Abstract
New Zealand (NZ) is the world’s largest exporter of dairy products. NZ milk products are known for their ‘clean and green’ reputation with high nutritional properties. In fact, the quality of NZ milk is perceived to be one of the best milk in the world. Cow, goat, and sheep milk are produced in NZ. In fact, NZ goat milk (GM) and sheep milk (SM) are considered as high-value products. The price of goat and sheep milk is 2-3x the price of cow milk (CM) in NZ. These facts put these high-value dairy products at risks of fraudulent activities like milk adulteration or counterfeit. Milk can be adulterated with different adulterants including water, vegetable protein, whey, and milk from another species. In other cases, expensive milk (e.g., GM, SM) could be adulterated with cheap milk (CM) for the purpose of economic gain. This is also known as economically motivated adulteration (EMA). It is therefore important to develop quick, effective, and robust tools for the detection of adulteration. Such techniques must be robust and high throughput requires a small amount of sample, and highly reproducible. Of particular interest is the application of proton nuclear magnetic resonance (1H-NMR) fingerprinting technique, which meets most of the mentioned requirements.

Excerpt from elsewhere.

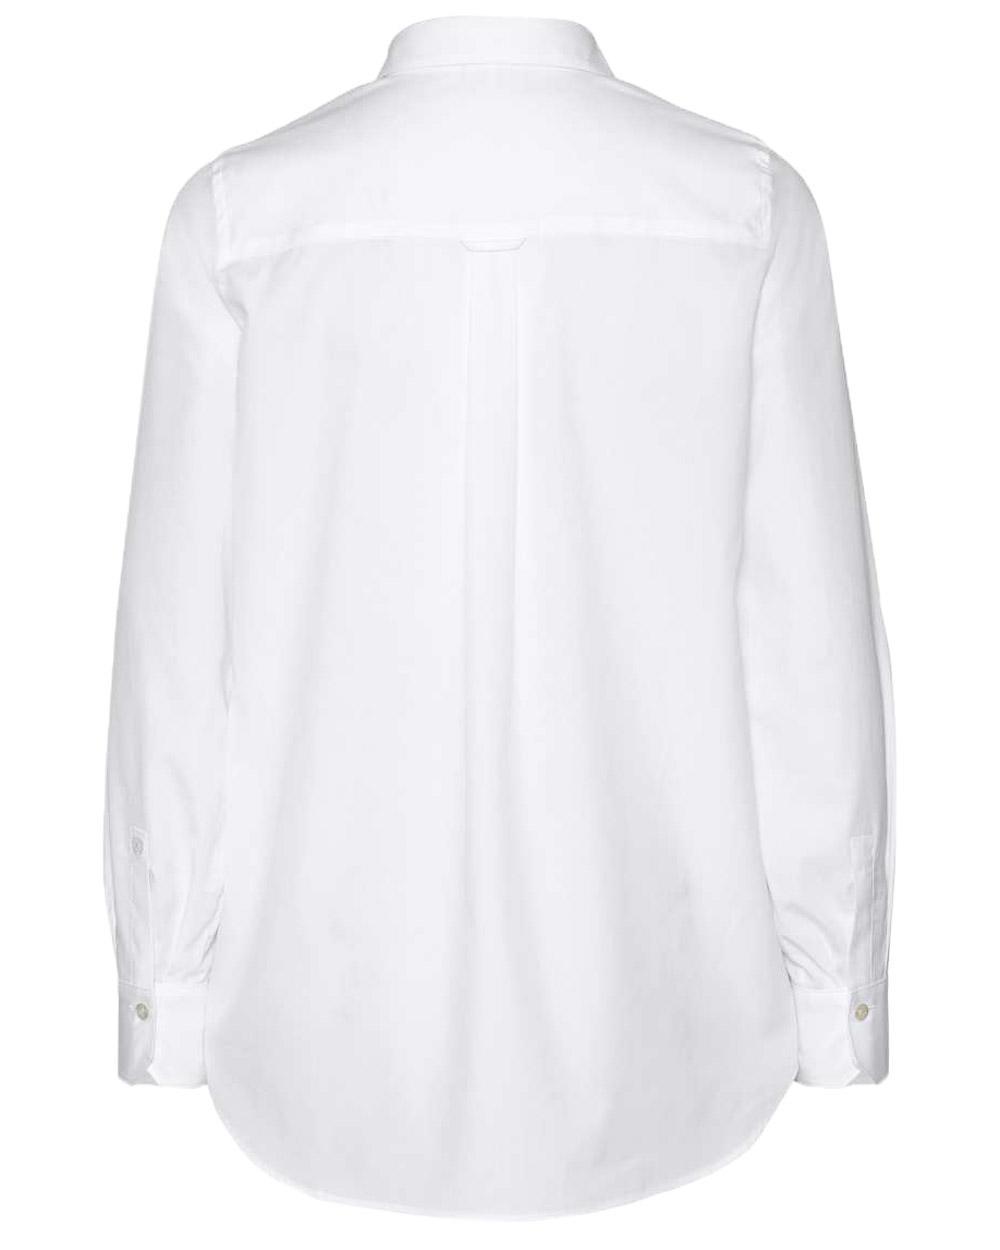 nette blouse

To date, there is limited information on the metabolite composition of milk produced in NZ. Moreover, NZ milk are not well studied in terms of their compositional properties. Therefore, this thesis is aimed to explore the capability for NMR-based metabolomics technique in detection of adulteration of NZ GM and SM with different concentrations of CM. To achieve this, the study was split into two parts. In the first part, NMR spectroscopy was used to characterise NZ CM, GM, and SM powder to select the discriminant metabolites for each species. In the second part, NMR was used to detect adulteration of GM and SM with different concentrations of CM. Advanced chemometrics (supervised and unsupervised approaches) were applied for data interpretation. SPSS and R studio were also employed for statistical analysis.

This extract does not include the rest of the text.